If you turn off the heat in your home and pipe bursts, for example, your claim may be denied. It would be a costly blunder.
According to the insurance information institute, the average claim for water damage or freezing is around $10,900.
Rogue Renovation Projects Aren’t Covered by Home Insurance
Don’t go it alone if you want to improve your property. You may need building licenses from your municipality, depending on the size and scope of the project.
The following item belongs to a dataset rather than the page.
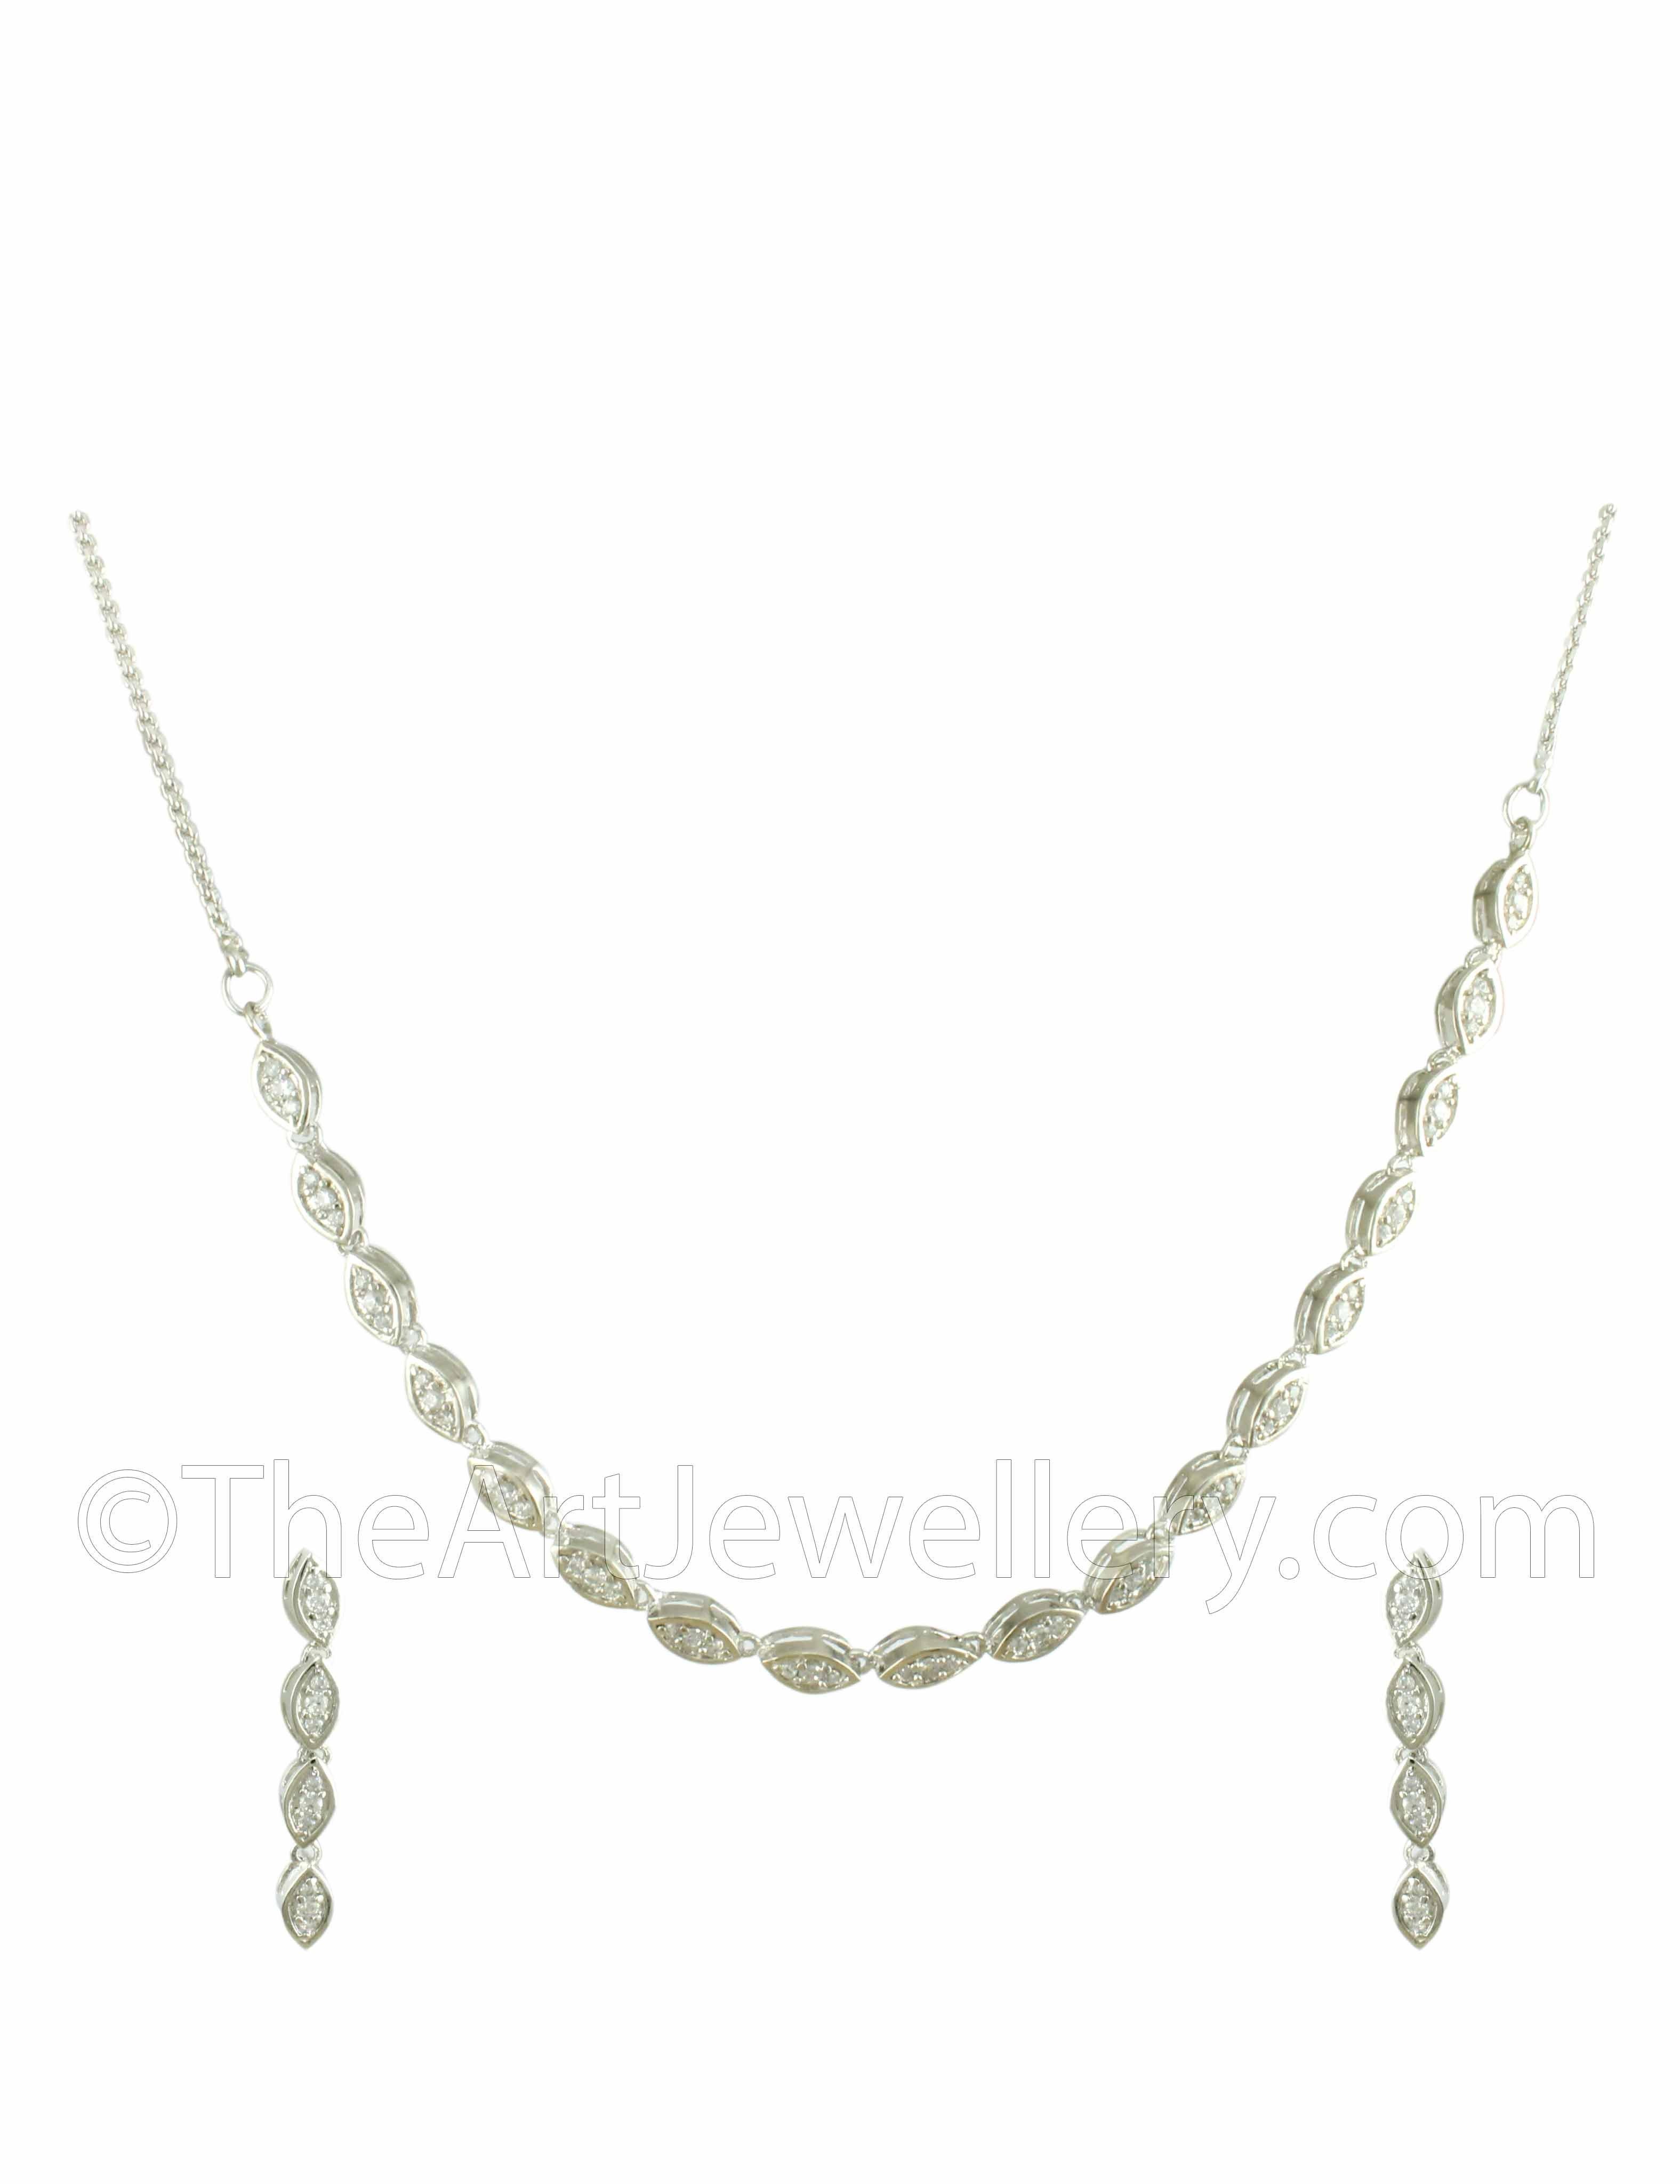 Line Art Jewellery : Single line marquise cz diamond necklace set online shopping

A building inspector may shut down your renovation or advise you to knock it down and start over if you don’t get the right permits or meet building rules. Homeowner’s insurance does not cover the expense of a rebuild.
A conventional homeowner’s policy will not cover problems arising from “ordinance or law” if a building inspector orders you to halt or restart a renovation. You won’t have the chance to file a claim for demolition, replacement materials, or additional labor because of this.
In the end, if you’re planning to renovate, be sure you have all of the necessary licenses.
It’s also pragmatic to check with your home insurance agent to see if you need to change your policy due to the remodeling. You may need to boost your coverage levels if the project increases the worth of your home or personal goods.
Homeowners Insurance Isn’t Going to Help You Clean Up a House-Sharing Disaster
Make sure you understand your insurance options if you utilize a site like Airbnb or HomeAway to rent out your property for extra money.
Because home-sharing is deemed “commercial usage” of your house, your homeowner’s insurance policy will not cover you if something goes wrong while you’re renting it out.
Your house insurance liability insurance, for example, will not cover medical bills if a home-sharing guest is injured on your premises. Similarly, don’t expect your homeowner’s insurance to cover the cost of a wild party that causes property damage.
If you plan to rent out your house, look into a home-sharing insurance policy and ensure it doesn’t have any major coverage gaps. Liability coverage is included in a decent home-sharing policy, and it covers other people’s injuries and property damage.
However, a superior home-sharing insurance policy will include other coverage kinds such as personal belongings coverage and even bed bug infestation coverage.
Loss on Purpose
Intentional acts are not covered by homeowners’ insurance. Home insurance, for example, will not cover you if you set fire to your shed on purpose.
There is a power outage. A conventional house insurance policy will not cover difficulties caused by power outages or other utility services that occur off your property, such as when your electric provider turns off the power for routine maintenance.
However, food deterioration caused by a power outage caused by a covered problem, such as a fallen tree that knocks out a power line, may be covered by your policy.
Wear and tear are inevitable. Homeowner’s insurance covers water damage caused by the falling of a tree on your roof during a rainstorm. However, it won’t cover issues like water leaks caused by deteriorated shingles caused by degradation and normal wear and tear.
Issues with Upkeep
Taking care of your home can help you avoid costly repairs that your homeowner’s insurance would not cover.
Many things that aren’t covered by your ordinary policy result from negligence and a lack of properly maintaining the property.
Termite and insect damage, bird or rodent damage, corrosion, rot, mold, and normal wear and tear are not covered. Pollution or smoke caused by industrial or agricultural activity are likewise not covered.
Almost often, if something is poorly made or has a hidden flaw, it will be eliminated from coverage. Similarly, any mechanical failure might be stated to be the same.
Furthermore, items such as food deterioration are not covered by a standard coverage if your home experiences a power loss.
There are Also Some Limitations
Your homeowner’s insurance does not cover damage caused by war or nuclear terrorism, which is something no one wants to think about. Identity theft expenses are also not covered. However, this coverage can be added as an endorsement.